The C.T. Bauer College of Business is the business school of the University of Houston, and is fully accredited by the AACSB International.  It offers B.B.A., M.B.A., MS Accountancy, MS Finance, and the Houston metropolitan area's only Ph.D. program in business administration.

History
The College of Business Administration was founded in 1942 as the business school of the University of Houston.

On July 12, 2000, businessman Ted Bauer, a Harvard University alumni 1942,  announced a $40 million donation to the University of Houston's College of Business Administration. In recognition of his generosity, the college was renamed the C.T. Bauer College of Business.

The Bauer College is located on the campus of the University of Houston and has been housed in Melcher Hall since 1986. Melcher Hall is named after Leroy Melcher—an alumnus of the University of Houston and successful businessman—who donated $3 million to the business school.

The school has students from many countries around the world and is considered one of the most diverse schools in the US.

The Bauer College broke ground on June 5, 2008 for the Michael J. Cemo Hall. The hall is named after Michael J. Cemo—a University of Houston alumnus and former president and CEO of AIM Distributors—who donated $3 million to the college. It opened in 2010.

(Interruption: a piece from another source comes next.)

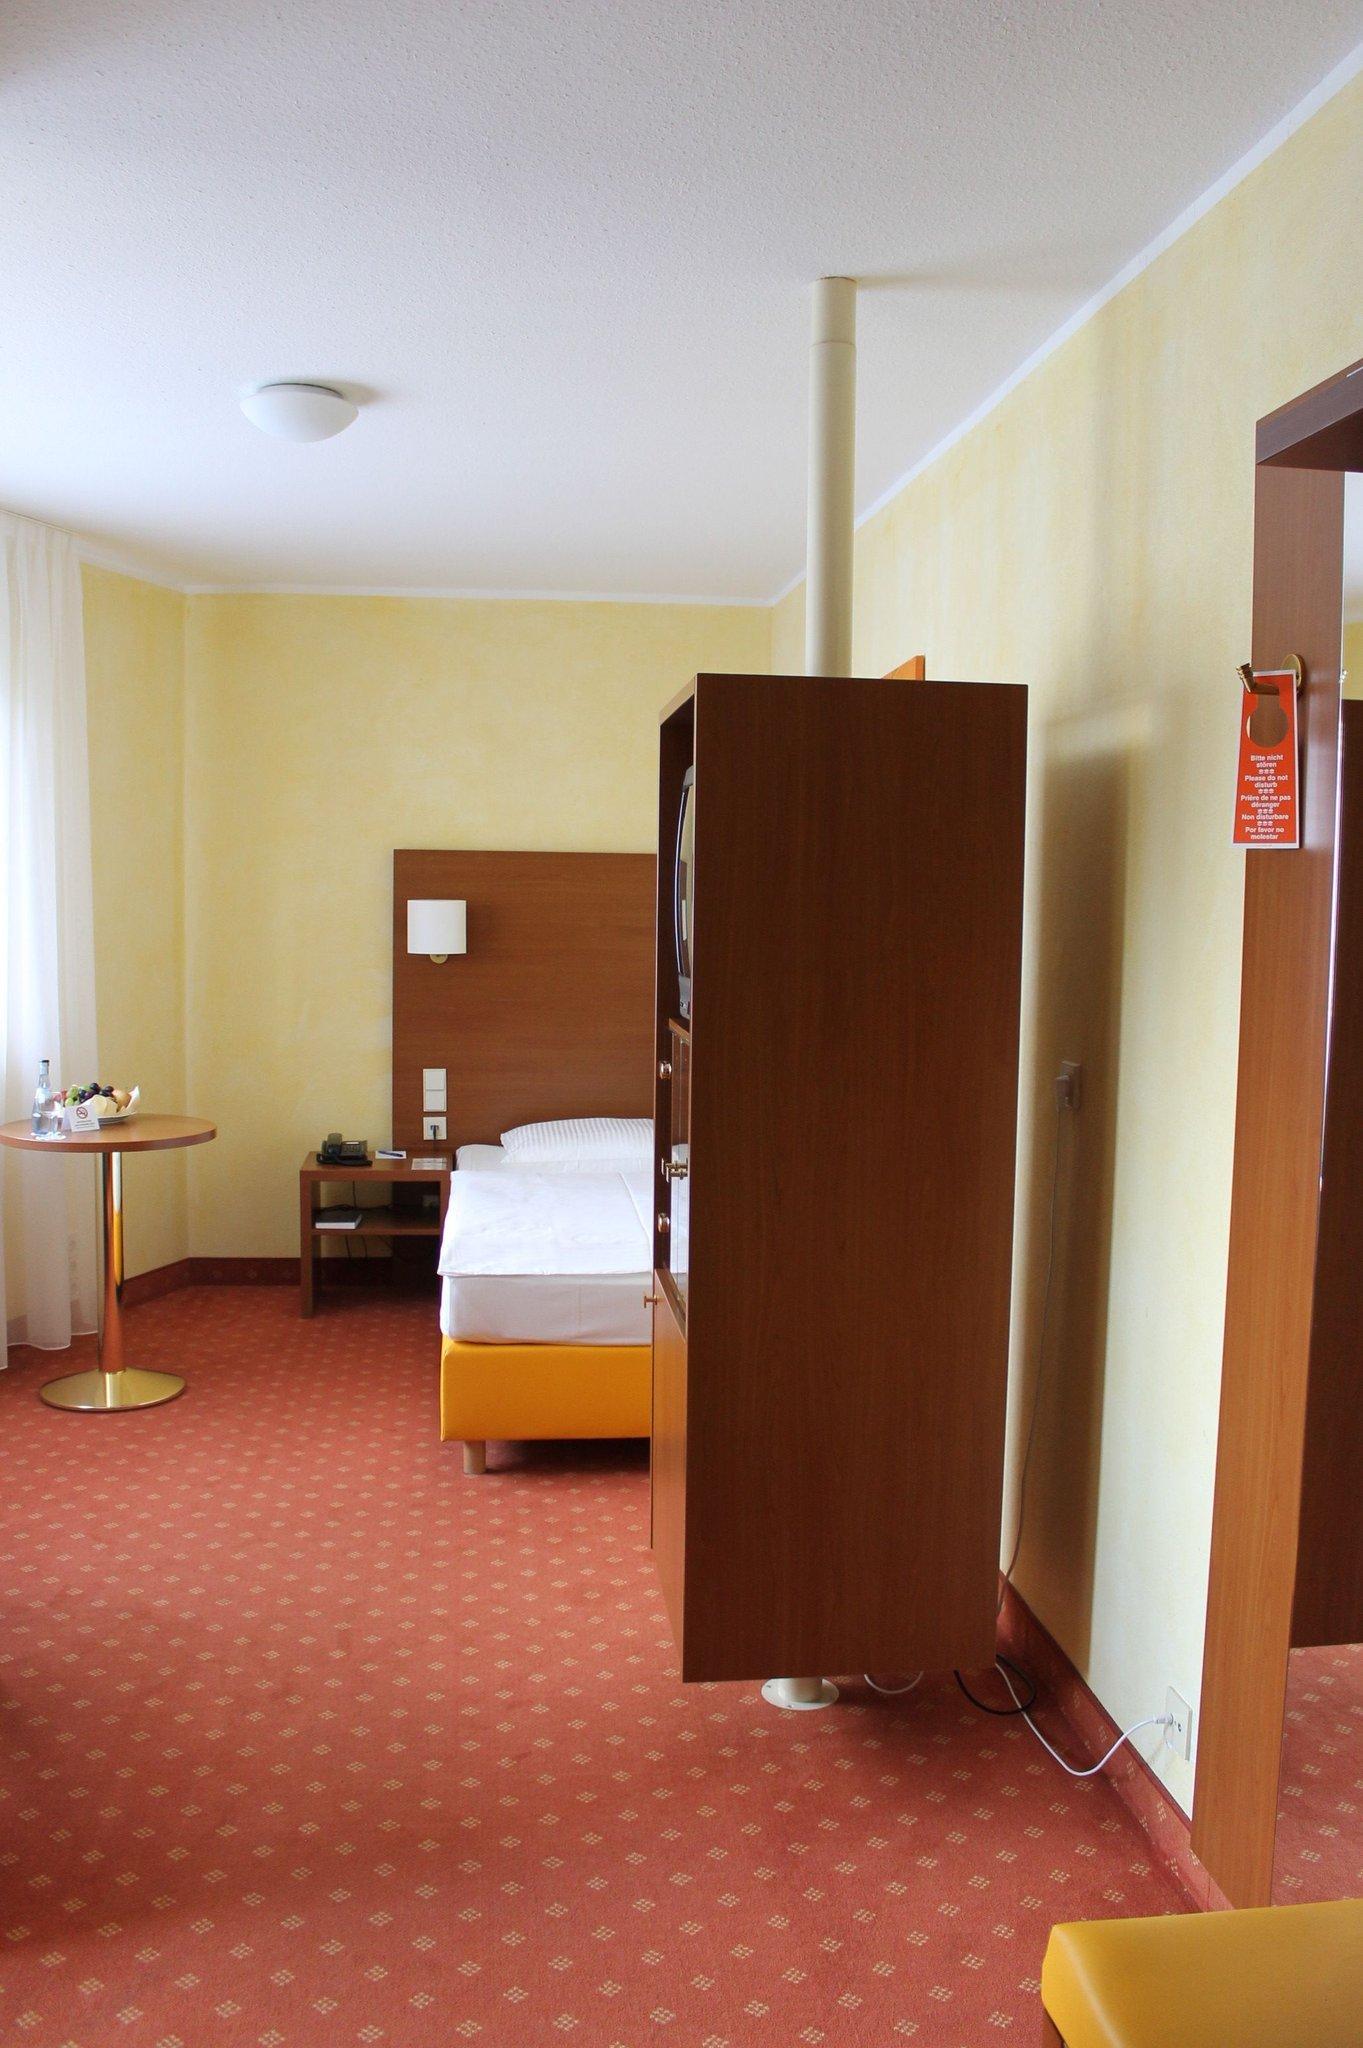 Rega Hotel Stuttgart - UPDATED 2016 Reviews, Pictures & Price ...
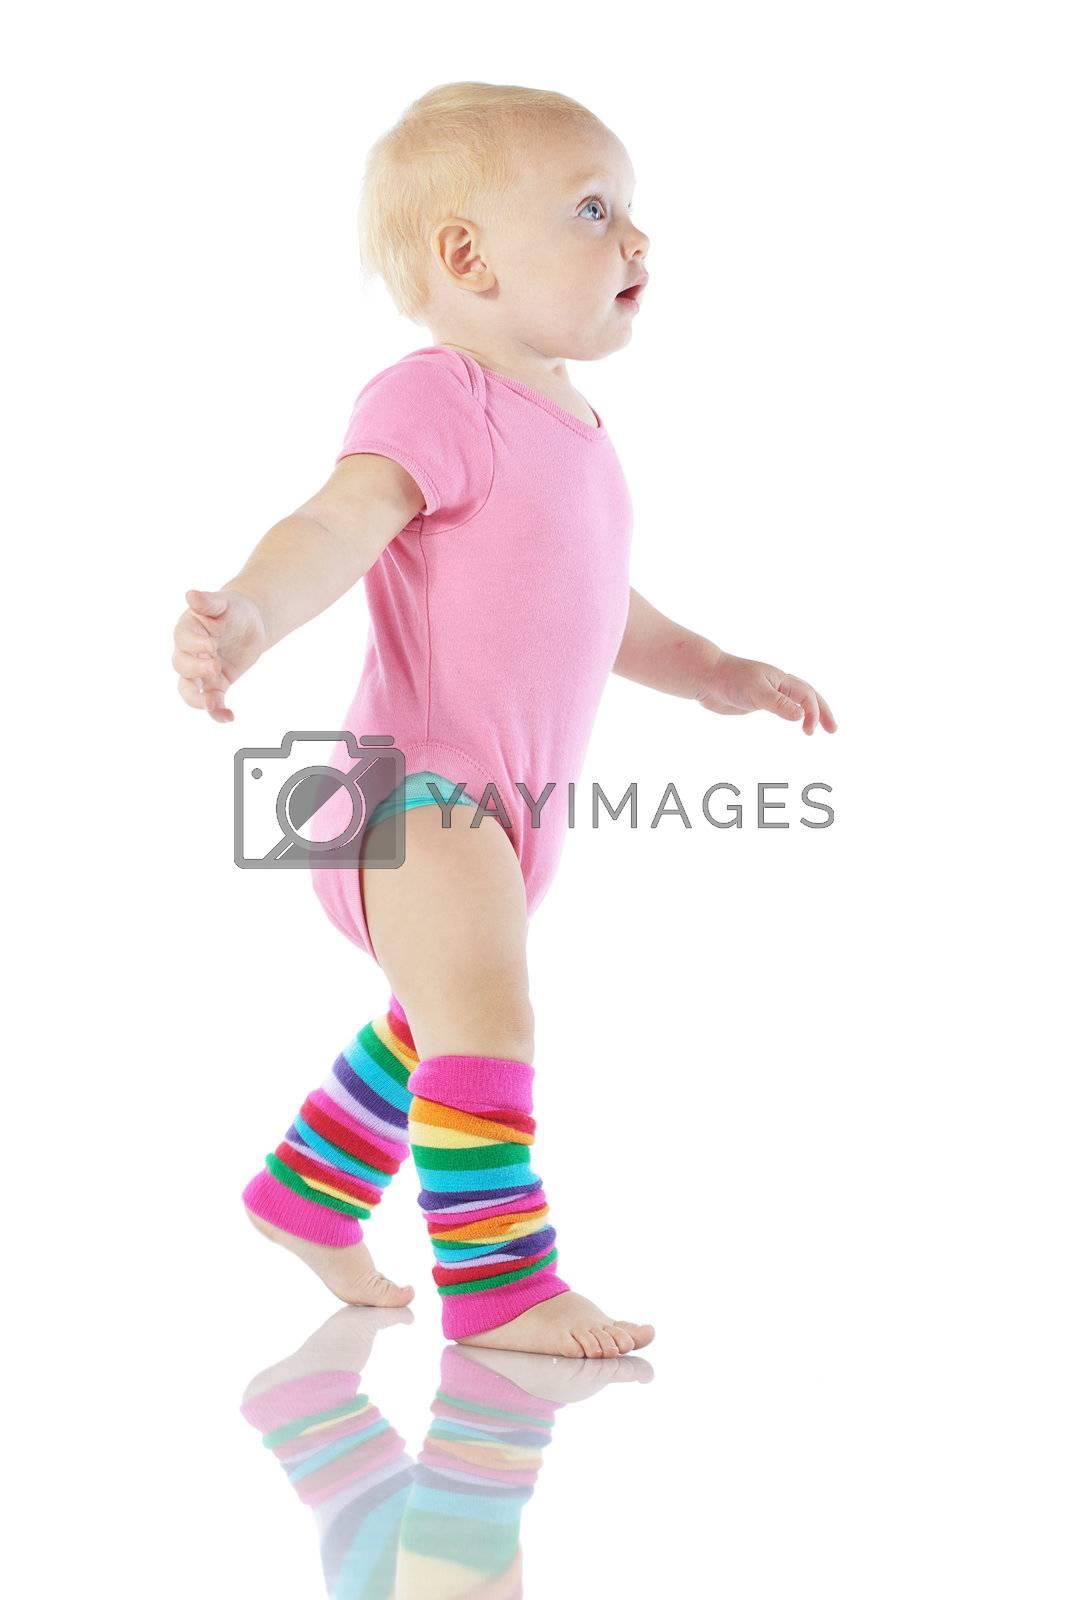 Toddler by alenkasm

The current dean of the Bauer College is Dr. Paul A. Pavlou, a preeminent scholar in digital business strategy, data science, and information systems.

Programs

The College has five academic departments: Accountancy and Taxation, Decision and Information Sciences, Marketing and Entrepreneurship, Finance, and Management. The student to teacher ratio is 3 to 1. The College offers full-time MBA students 21 certificate options with 100+ electives. Certificate areas include:
 Business Analytics, Business Modeling, and Supply Chain
 Energy
 Finance and Real Estate
 Management and Leadership
 Marketing and Entrepreneurship

The AIM Center
The AIM Center for Investment Management is a business center at Bauer that teaches undergraduate and graduate business students about corporate finance, accounting, information technology, marketing and other disciplines. The center features a laboratory, a conference room with video conferencing capabilities, a classroom, and a lobby with news video and a stock ticker. It is a $5 million facility which opened on February 20, 2002. The center was recognized as one of the best designed business school classrooms in the United States by American School and University magazine.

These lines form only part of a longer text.